A challenge when interpreting diagnostic plots is understanding the extent to which deviations from the expected pattern could be due to random noise (sampling variation) rather than actual assumption violations. This function is intended to assess this, by simulating multiple realizations of residuals (and fitted values) in situations where assumptions are satisfied, and plotting a global simulation envelope around these at level conf.level.

This function can take any fitted model, and construct any of three diagnostic plots, as determined by which:

  1. Residual vs fits plot (optionally, with a smoother)

  2. Normal quantile plot

  3. Scale-Location plot (optionally, with smoother)

and see if the trend is behaving as expected if the model were true. As long as the fitted model responds to residuals and predict (and when sim.method="refit", simulate and update) then a simulation envelope will be constructed for each plot.

Simulation envelopes are global, constructed using the GET-package, meaning that (for example) a 95% global envelope on a quantile plot should contain all residuals for 95% of datasets that satisfy model assumptions. So if any data points lie outside the quantile plot's envelope we have evidence that assumptions of the fitted model are not satisfied. The GET-package was originally constructed to place envelopes around functions, motivated by the problem of diagnostic testing of spatial processes (Myllymäki et al 2017), but it can equally well be applied here, by treating the set of residuals (ordered according to the x-axis) as point-wise evaluations of a function. For residual vs fits and scale-location plots, if do.smooth=TRUE, global envelopes are constructed for the smoother, not for the data, hence we are looking to see if the smoother is wholly contained within the envelope. The smoother is constructed using gam from the mgcv package with maximum likelihood estimation (method="ML").

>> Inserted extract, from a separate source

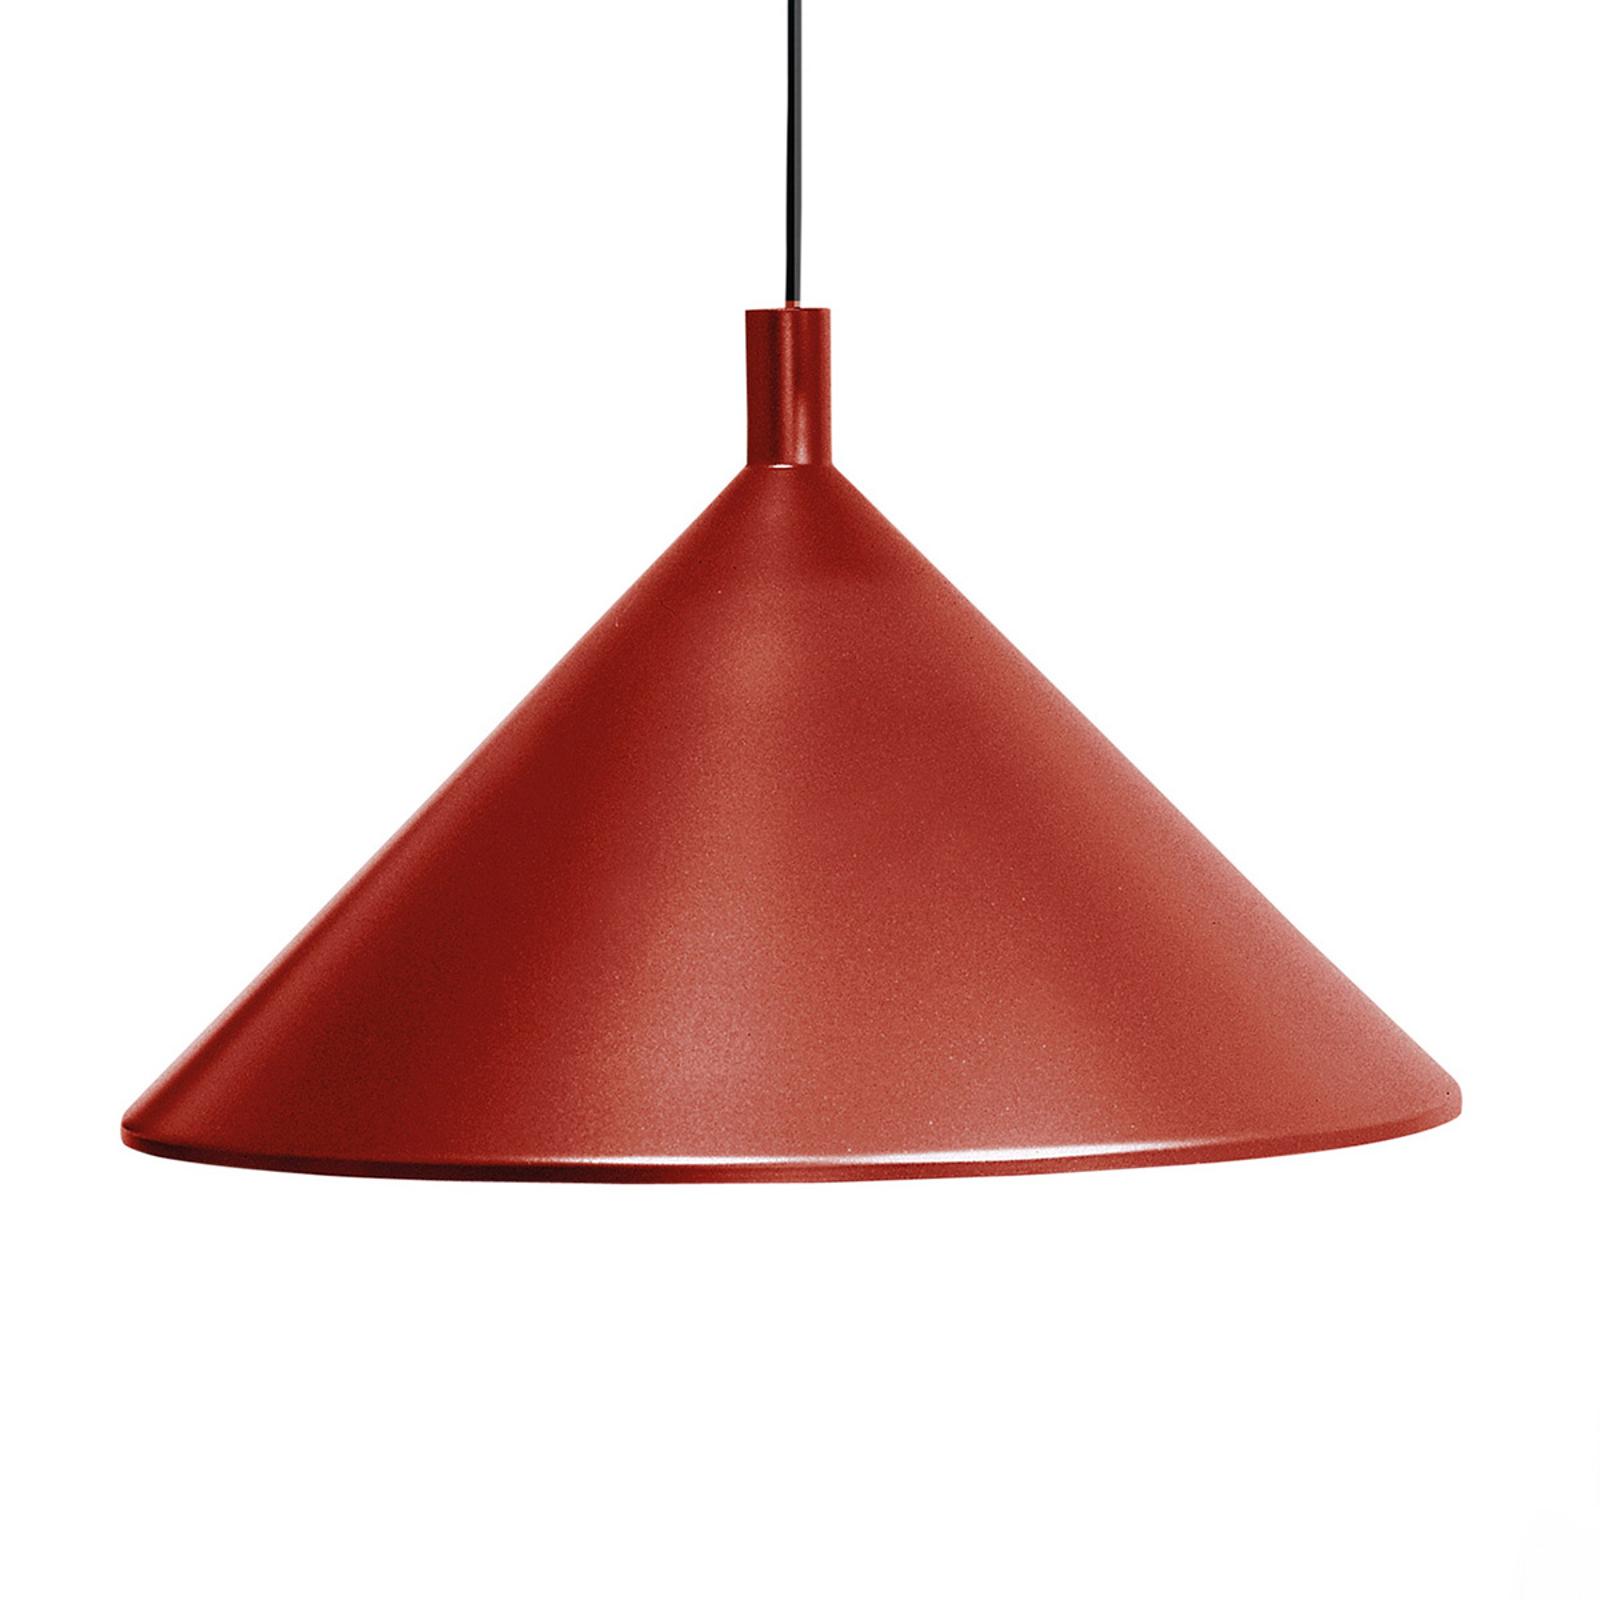 Martinelli Luce Cono Hängeleuchte rot, Ø 30 cm

Note that the global envelopes only tell you if there is evidence of violation of model assumptions – they do not tell you whether the violations are large enough to worry about. For example, in linear models, violations of normality are usually much less important than violations of linearity or equal variance. And in all cases, modest violations tend to only have modest effects on the validity of inferences, so you need to think about how big observed violations are rather than just thinking about whether or not anything is outside its simulation envelope.

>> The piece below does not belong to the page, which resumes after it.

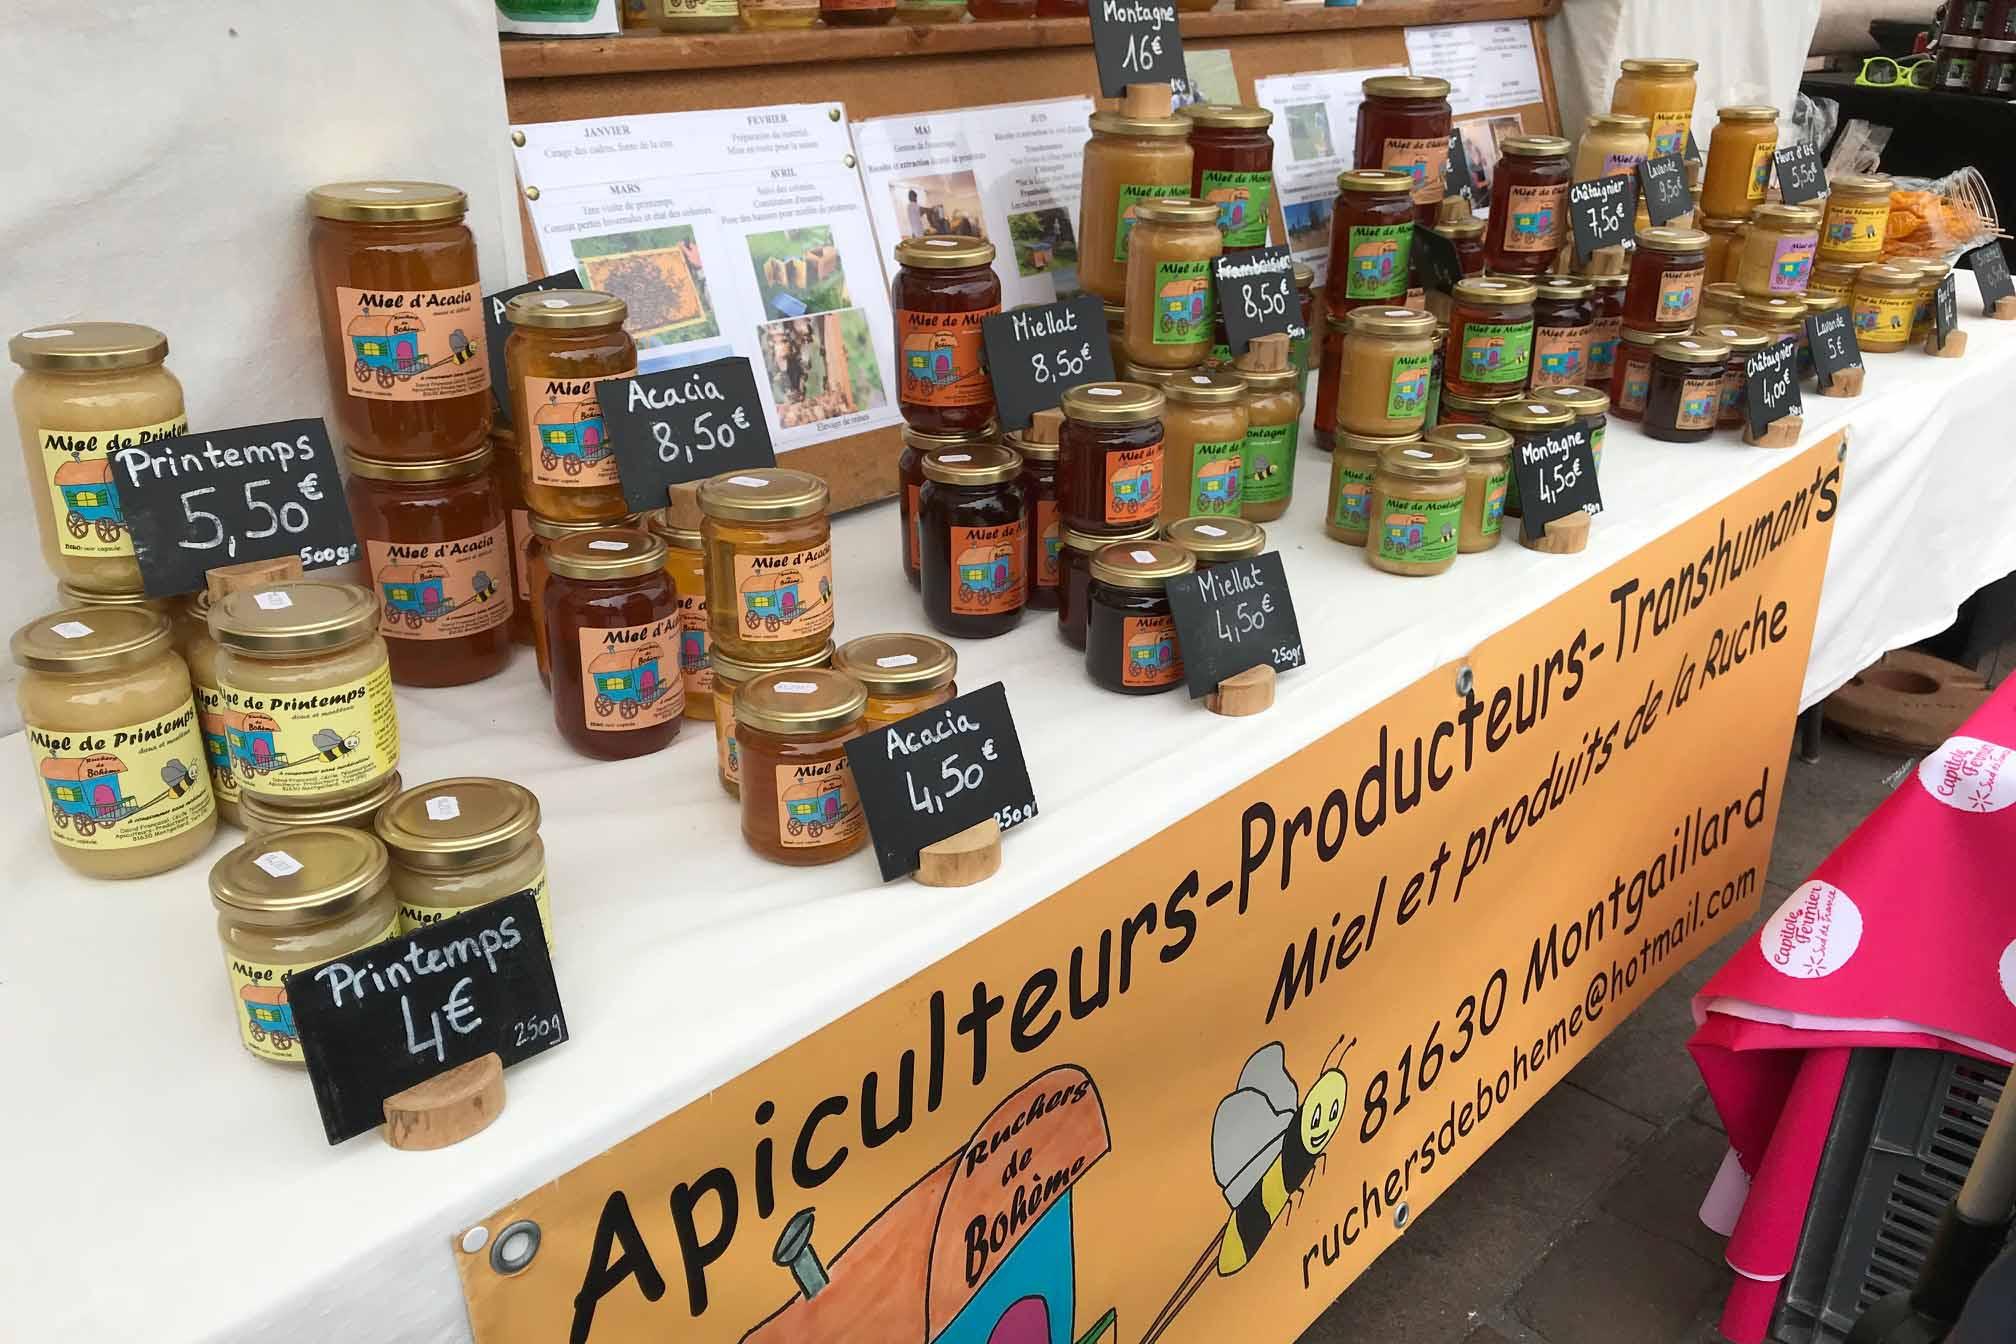 50 cose meravigliose Toulouse miele mercatino

The method used to simulate data for the global envelopes is controlled by sim.method. The default method (sim.method="refit") uses a parametric bootstrap approach: simulate new responses from the fitted model, refit the model and recompute residuals and fitted values. This directly assesses whether trends in observed trends depart from what would be expected if the fitted model were correct, without any further assumptions. For complex models or large datasets this would however be super-slow. A fast, more approximate alternative (sim.method="norm") is to simulate new (multivariate) normal residuals repeatedly and use these to assess whether trends in the observed data depart from what would be expected for independent (multivariate) normal residuals. If residuals are expected to be standard normal, a more refined check is to simulate from the standard normal using (sim.method="stand.norm"). This might for example be useful when diagnosing a model fitted using the mvabund package (Wang et al. 2012), since this calculates Dunn-Smyth residuals (Dunn & Smyth 1996), which are approximately standard normal when assumptions are satisfied. If y is a glm with non-Gaussian family then residuals will not be normal and "refit" is the only appropriate option, hence other choices will be overridden with a warning reporting that this has been done.

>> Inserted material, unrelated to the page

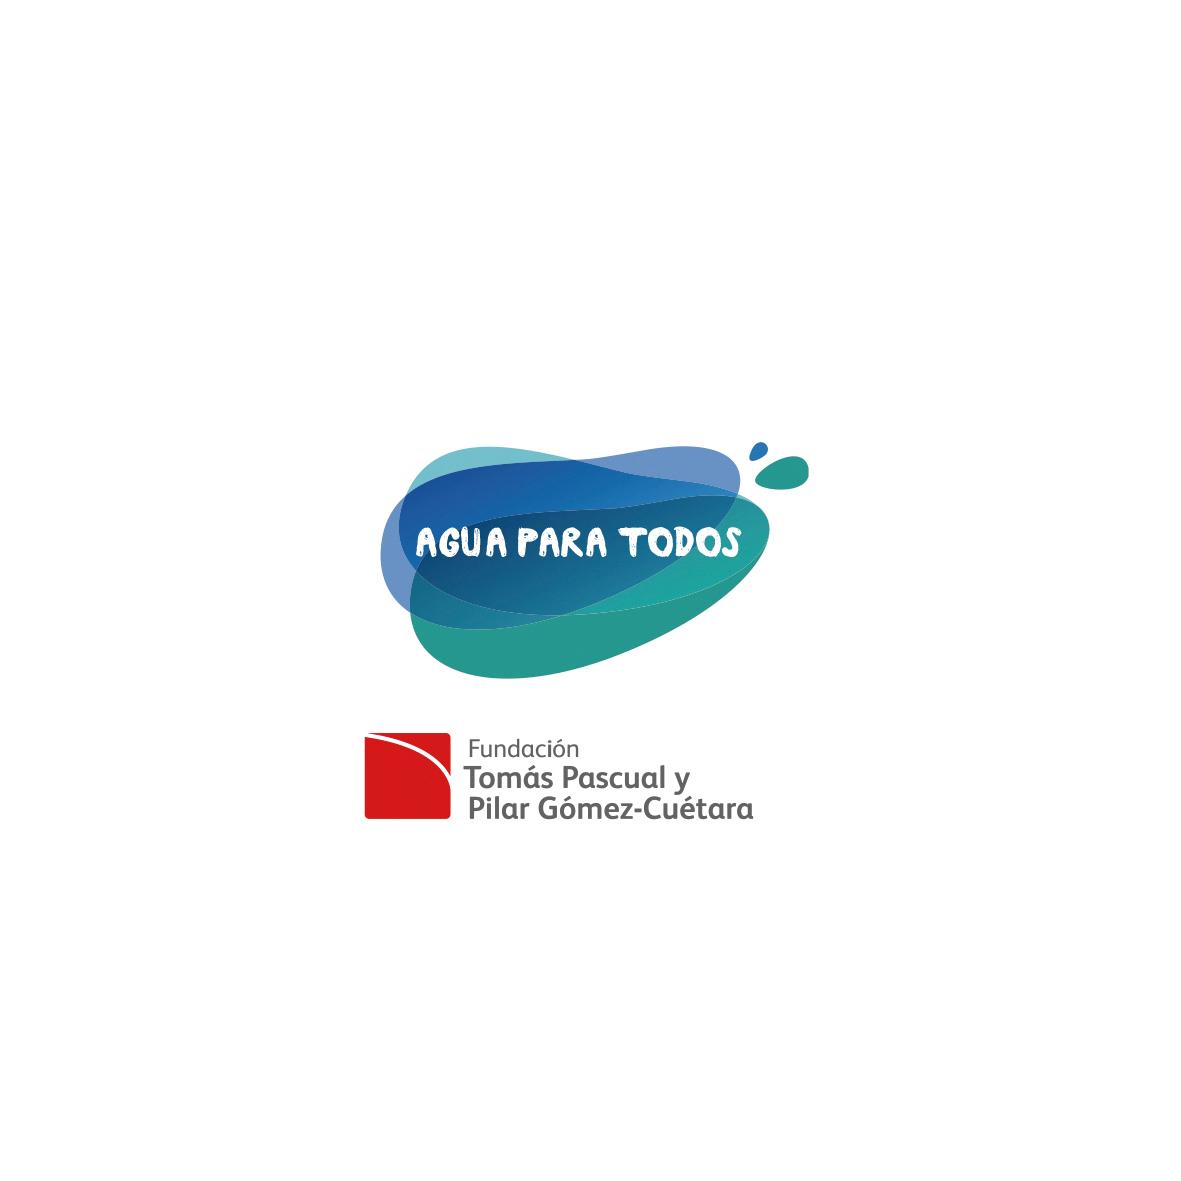 Fundación Pascual logotipo

Note that for Multivariate Linear Models (mlm), cresiduals and cpredict are used to construct residuals and fitted values (respectively) from the full conditional models (that is, models constructed by regressing each response against all other responses together with predictors). This is done because full conditionals are diagnostic of joint distributions, so any violation of multivariate normality is expressed as a violation of linear model assumptions on full conditionals. Results for all responses are overlaid on a single plot, future versions of this function may have an overlay option to separately plot each response.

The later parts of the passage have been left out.